Research Overview

How will coral reefs be impacted by future predicted levels of carbon dioxide?

We use a range of of experimental approaches including manipulative aquarium and mesocosm experiments and controlled in situ studies using an underwater time machine (FOCE) that uses sensor arrays and computer controlled dosing pumps to produce future predicted ocean conditions (pH, temperature and pollution) on the reef and determine how corals and coral reef communities will be impacted.

How can we rapidly monitor coral reefs globally for adaptive management?

In our Computer Vision Coral Ecology project, we help lead an effort to develop a machine learning system that uses facial recognition technologies to automate the analysis of coral reef survey photographs and videos (, so that data can be obtained from surveying imagery up to 10,000x faster. We also collaborate with marine robotics engineers to use autonomous underwater vehicles (AUVs) to make large scale 3D reef surveys.

What are the cellular physiological mechanisms for coral calcification and photosynthesis?

In this NSF funded project with co-PI Martin Tresguerres, at the Scripps Institution of Oceanography, UCSD we are using immunological techniques to study coral responses to changing environmental conditions, in combination with controlled aquarium studies, field transplant experiments and reef biochemistry studies. In this research we are developing a mechanistic understanding of corals response to stress from the cellular to the ecosystem level and hope to provide new solutions for coral reef conservation and management.

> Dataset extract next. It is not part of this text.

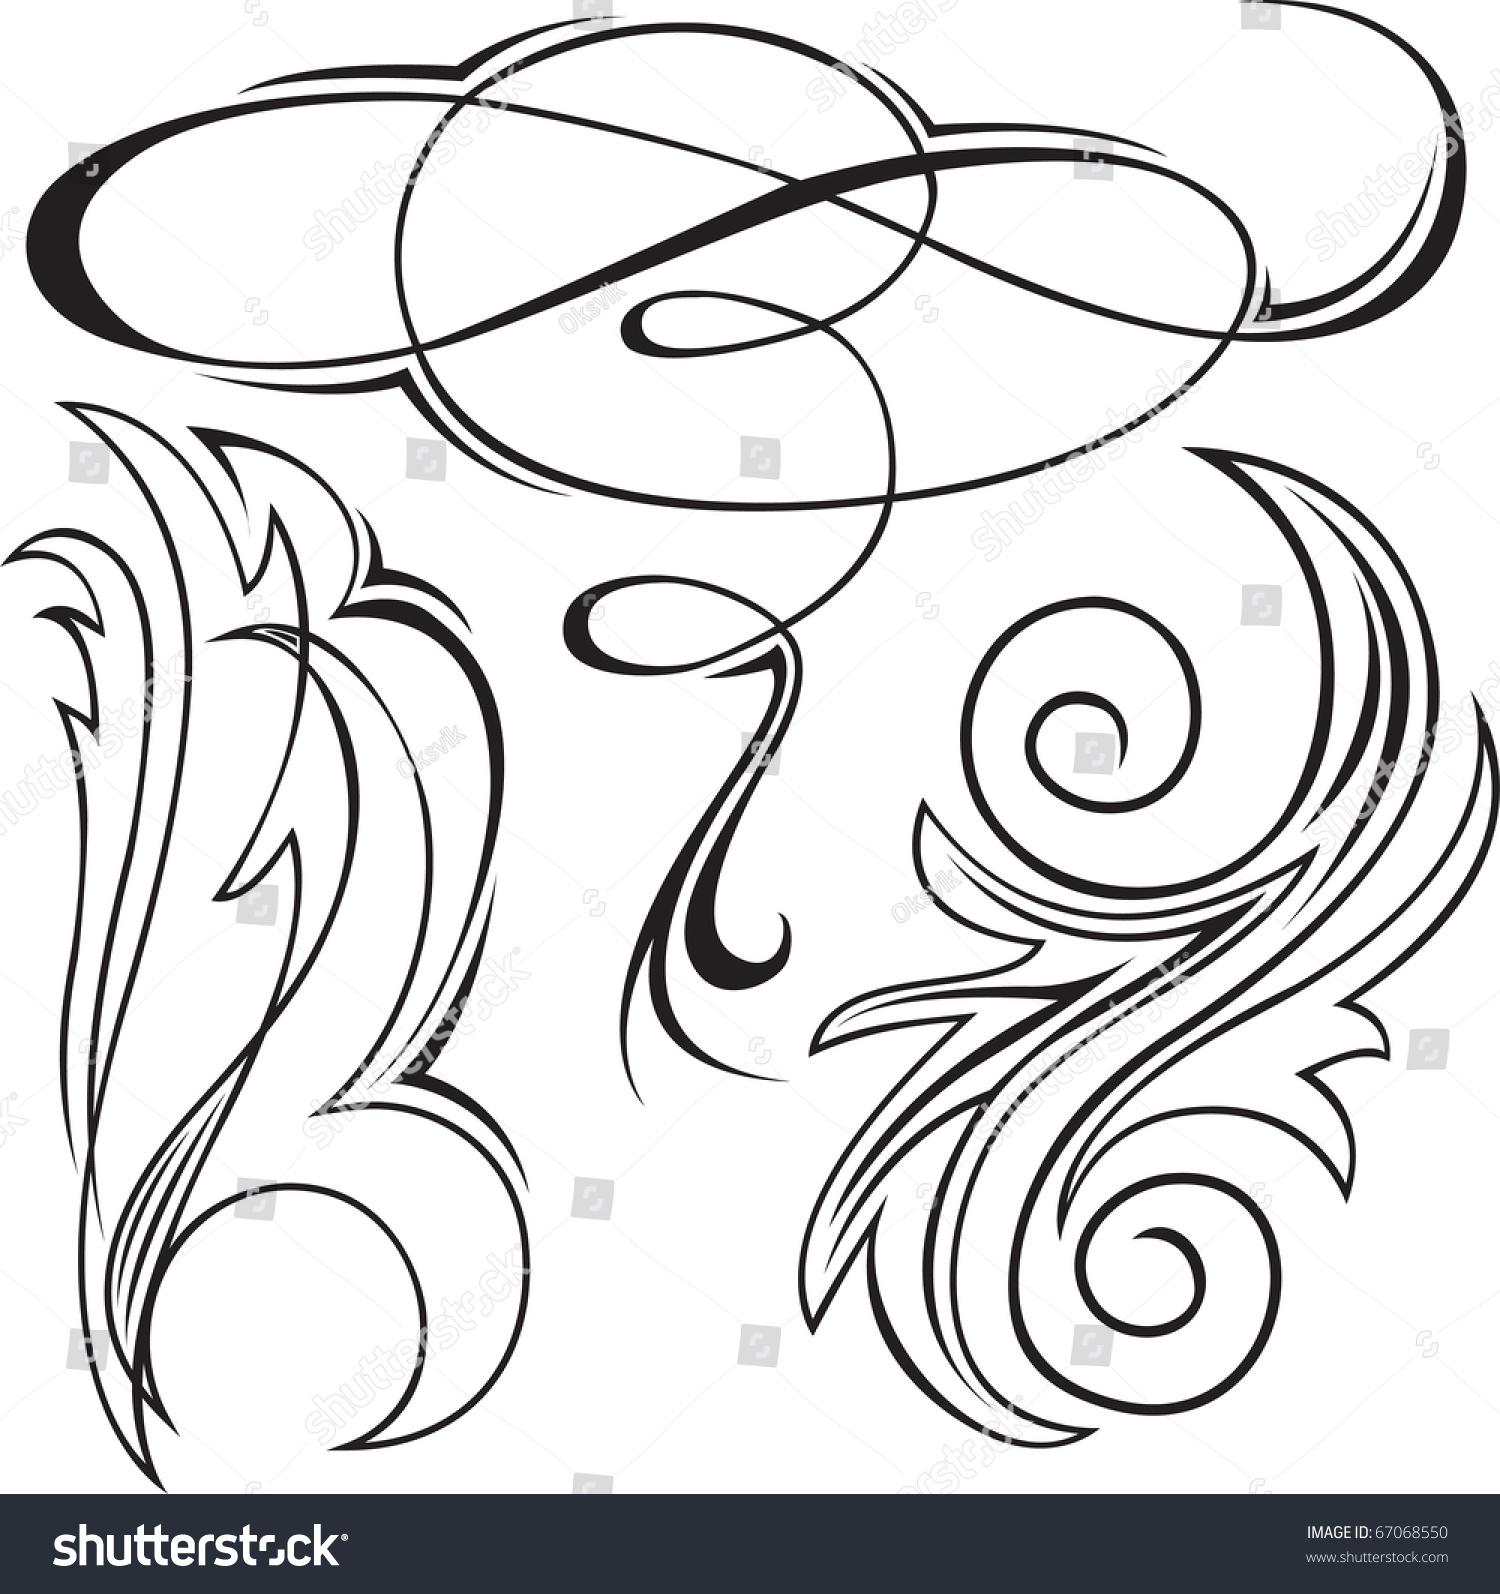 Set Of Black Flower Design Elements Stock Vector: Vector Illustration Set Swirling Decorative Floral Stock

What are the links between local and global human impacts on coral disease transmission and coral reef health?

Coral diseases have led to a dramatic decline in coral coverage in the Caribbean and globally. We study Caribbean coral diseases, in particular White Band Disease (WBD), and the newly emerging stony coral tissue loss disease (SCTLD). We are attempting to determine the links between local and global stress and disease outbreaks, study coral resistance to disease, and attempt to determine the pathogens and their vectors on the reef.

What are the mechanisms underlying coral bleaching and the susceptibility and recovery potential of different coral species?

Mass coral bleaching events are increasing in severity and frequency and are likely the predominant cause of global coral reef decline. In collaboration with Martin Tresguerres at the Scripps Institution of Oceanography, UCSD we are studying the cellular mechanisms for coral bleaching in order to better understand coral resilience to bleaching and to maximize the chances that corals can recover from a bleaching event. This research involves doing controlled bleaching experiments in aquariums, mesocosms and in our in situ FOCE experimental system while using immunohistochemical cellular physiology techniques, micro sensor measurements and PAM fluorometry to study coral cellular physiological and photo-physiological responses.


B. A. Carleton College, 1996.

Ph.D., Scripps Institution of Oceanography, UCSD, 2005.

Selected Publications

Kline, D.I., Teneva, L., et al. 2019. Living coral tissue slows skeletal dissolution related to ocean acidification. Nature Ecology & Evolution 3: 1438-1444 doi 10.1038/s41559-019-0988-x

Kline, D.I., Teneva, L., et al. 2015. Six month in situ high-resolution carbonate chemistry and temperature study on a coral reef flat reveals that anomalous pH and temperature conditions are unsynchronized. PLoS ONE 10: e0127648. DOI:10.1371/journal.pone.0127648

Kline, D.I., Teneva, L., et al. 2012. A short-term in situ CO2 enrichment experiment on Heron Island (GBR). NATURE: Scientific Reports 2: 1-9. DOI: 10.1038/srep00413

Dove, S.G., Kline, D.I., et al. 2013. Reef calcification versus decalcification: the difference between "reduced" and "business-as-usual" CO2 emission scenarios. PNAS 110: 15342-15347

Anthony, K., R. N., Kline, D. I., et al. 2008. Ocean acidification causes bleaching and productivity losses in coral reef builders. PNAS 105: 17442 – 17446.

Georgiou, L., Falter, J., Trotter, J., Kline, D.I., et al. 2015. pH homeostasis during coral calcification in a Free Ocean CO2 Enrichment (FOCE) experiment, Heron Island reef flat, Great Barrier Reef. PNAS 112(43), 13219-13224. DOI:10.1073/pnas.1505586112

Kline, D.I. and S.V. Vollmer. 2011. White band disease (type I) of endangered Caribbean acroporid corals is caused by pathogenic bacteria. NATURE Scientific Reports 1: 7.

Kline, D. I., Kuntz, N. M., et al. 2006. Role of Elevated Organic Carbon and Microbial Activity in Coral Mortality. Marine Ecology Progress Series 314: 119-125.

Kline, D., J., Bryant, G., et al. 2006. The Aquatic Automated Dosing and Maintenance System (AADAMS). Limnology and Oceanography: Methods 4: 184-190.

Andersson*, A., Kline*, D. I. (*co - first author), et al. 2015. Understanding ocean acidification impacts on organismal to ecological scales. Oceanography 28: 16-27. DOI:10.5670/oceanog.2015.27.